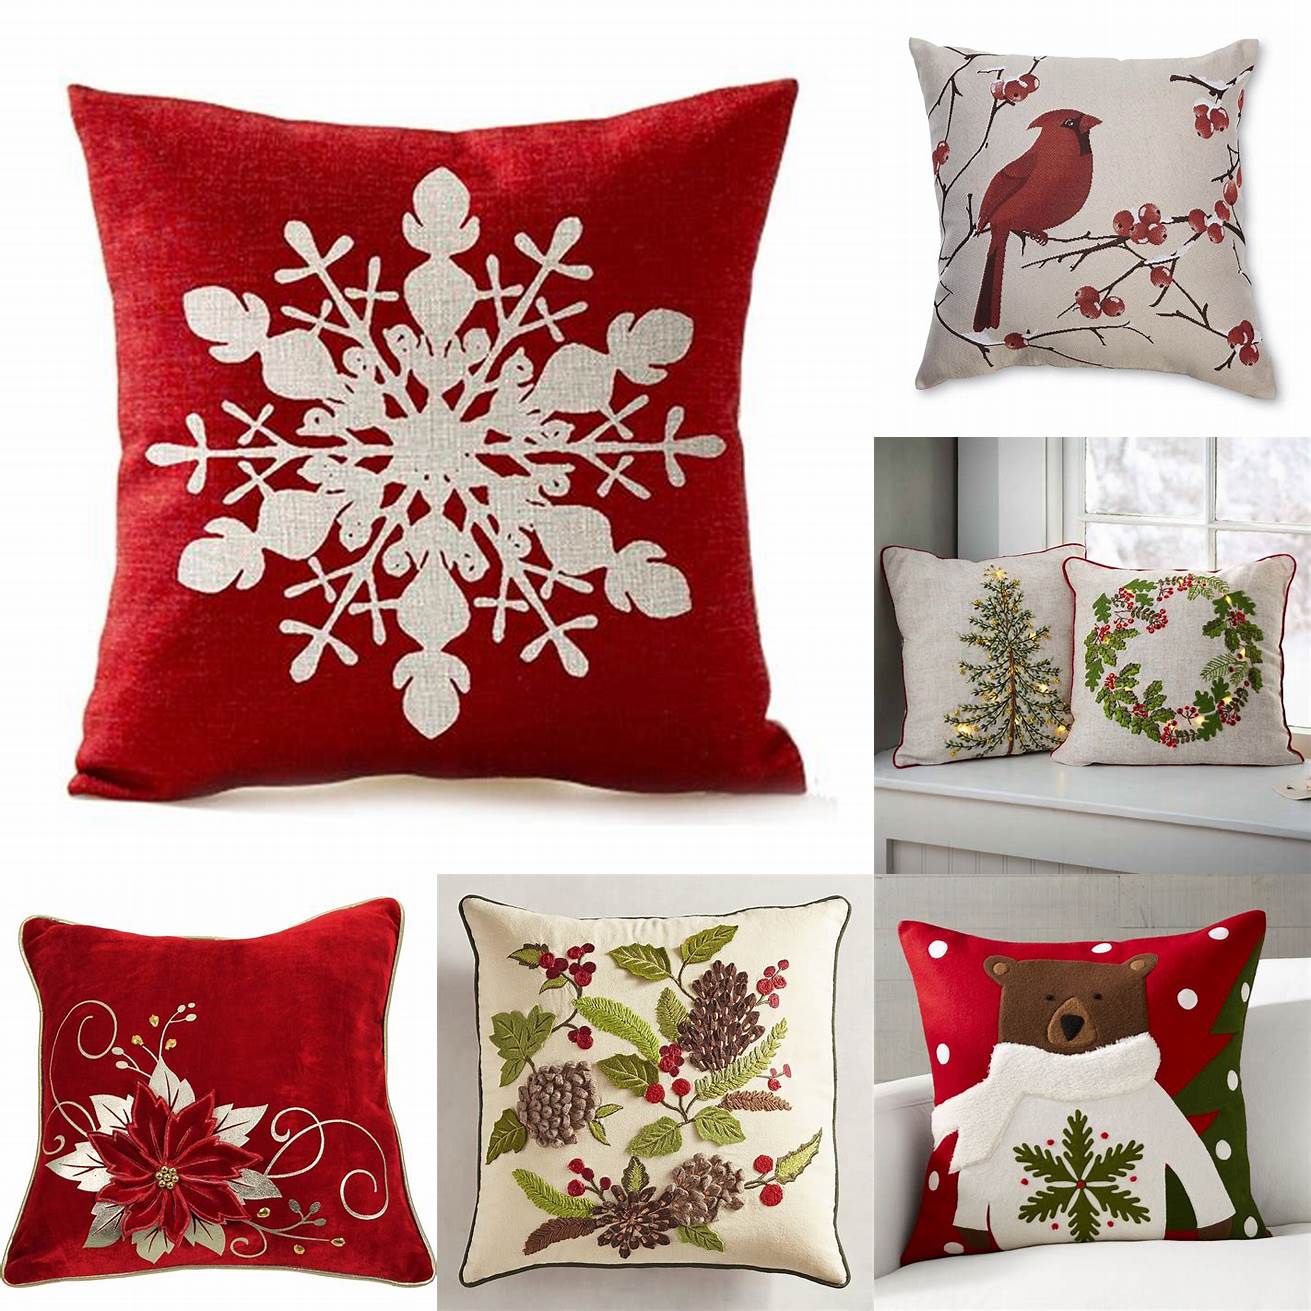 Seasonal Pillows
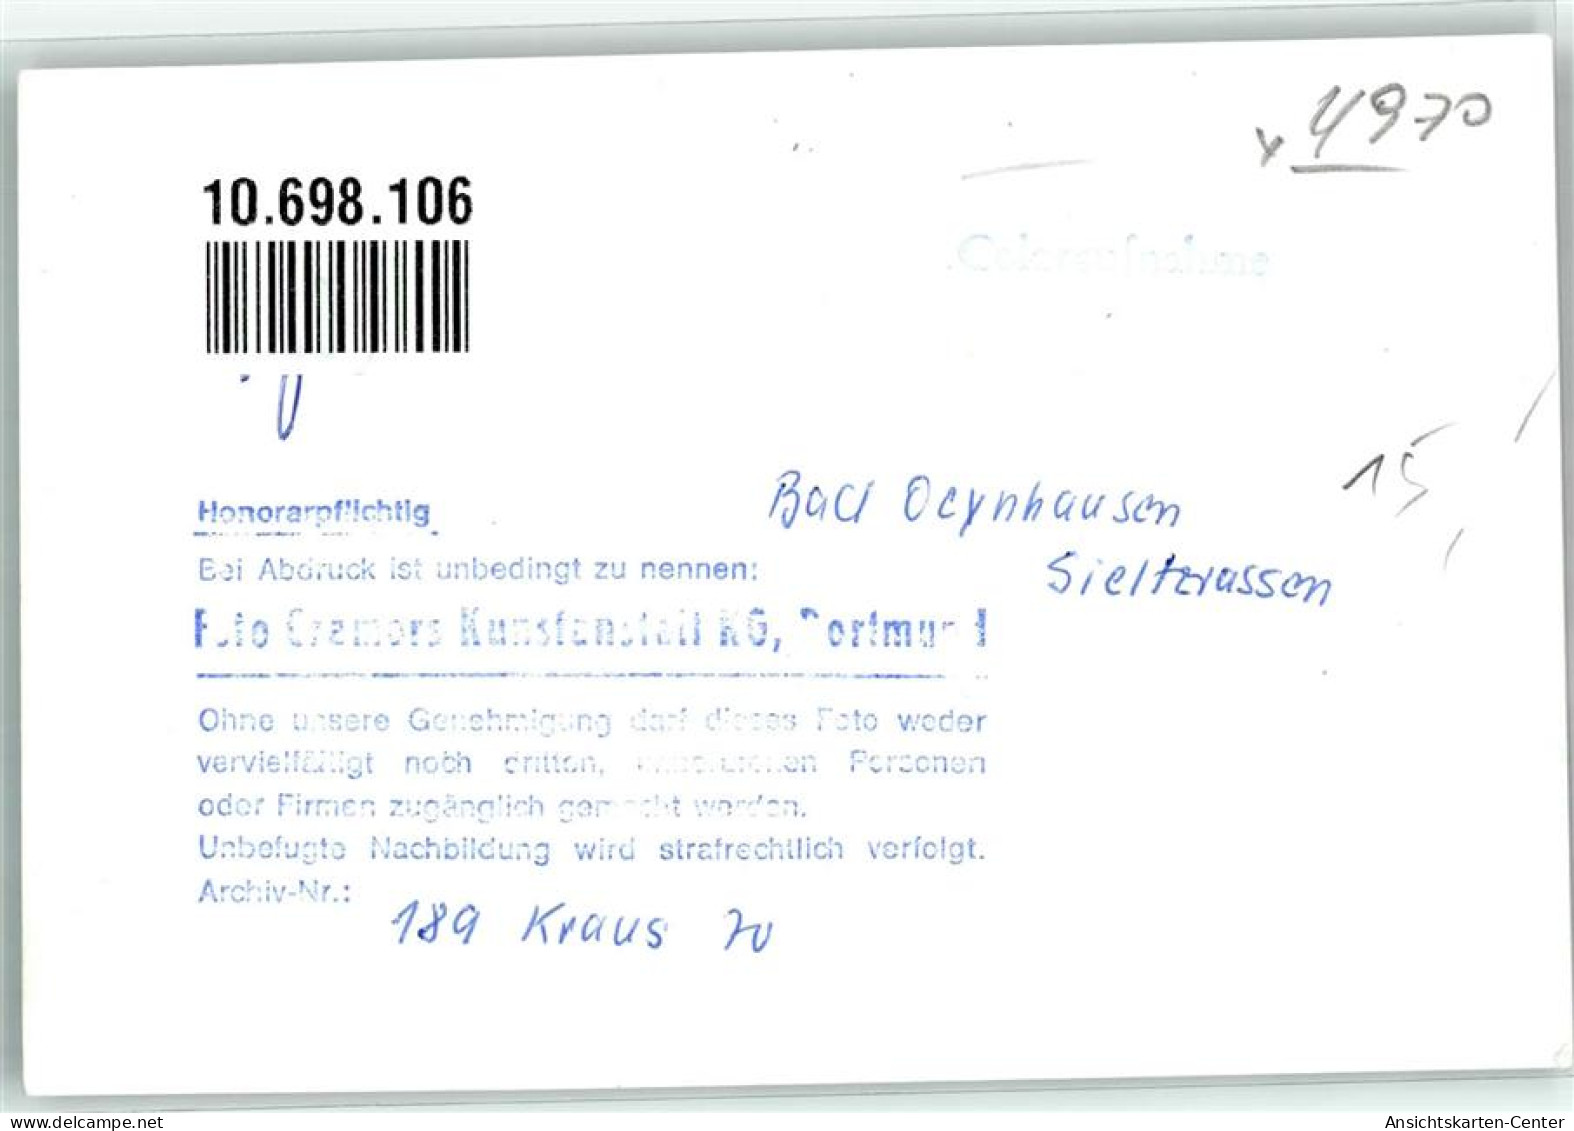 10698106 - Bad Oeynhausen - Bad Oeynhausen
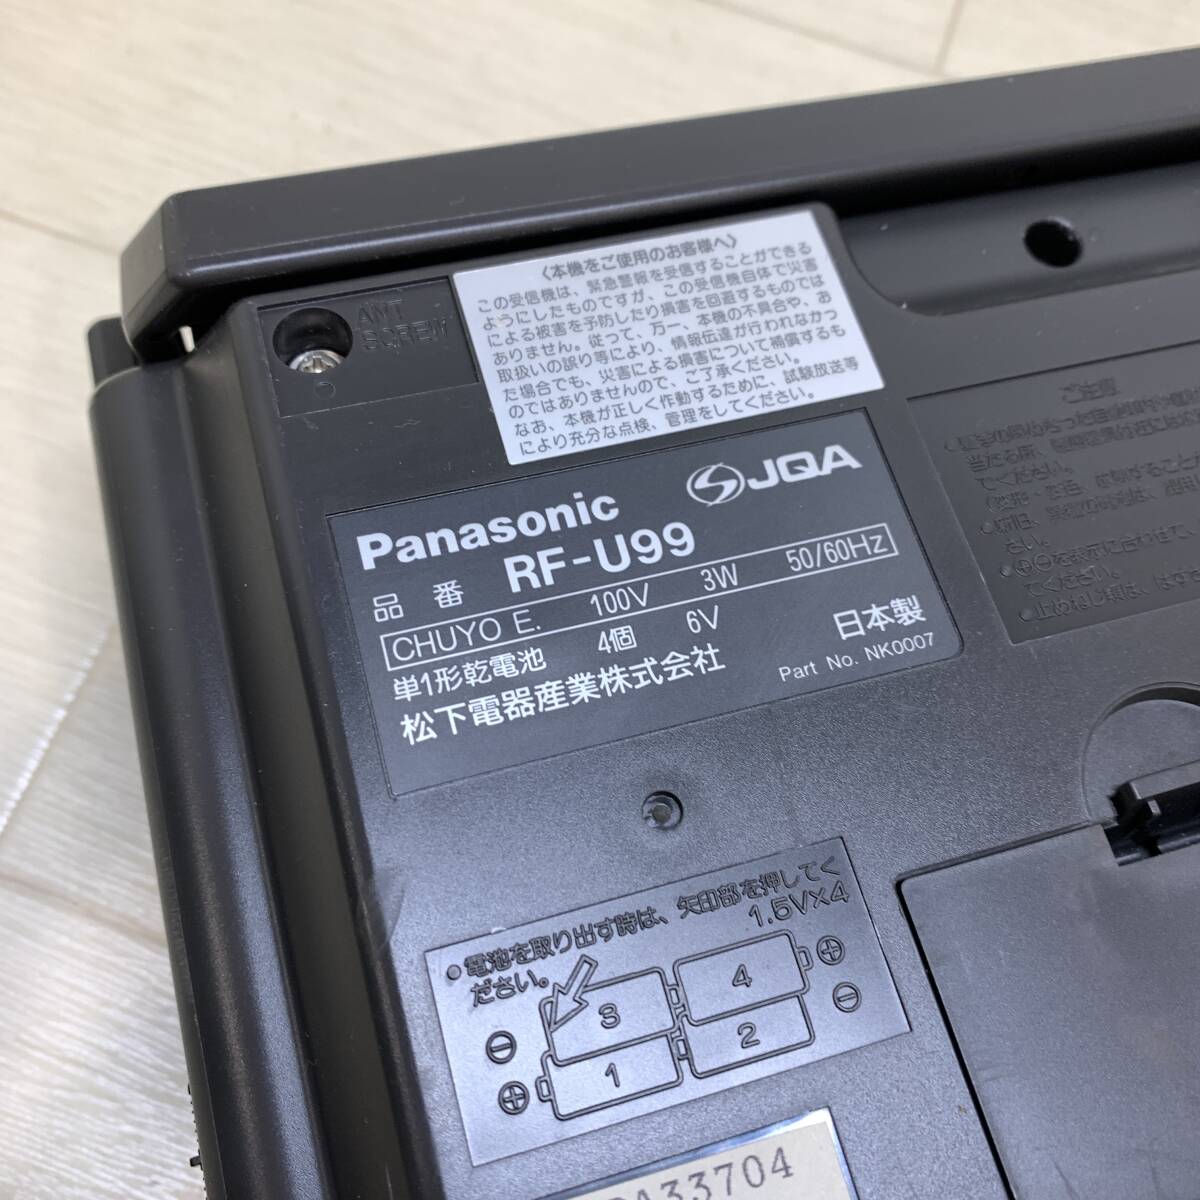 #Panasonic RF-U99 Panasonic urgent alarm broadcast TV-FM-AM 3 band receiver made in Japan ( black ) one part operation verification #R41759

**PROBLEM**
Repeat the material verbatim. Do not carry over any picture.

**ANSWER AREA**
 Seasonal Pillows
 10698106 - Bad Oeynhausen - Bad Oeynhausen
 #Panasonic RF-U99 Panasonic urgent alarm broadcast TV-FM-AM 3 band receiver made in Japan ( black ) one part operation verification #R41759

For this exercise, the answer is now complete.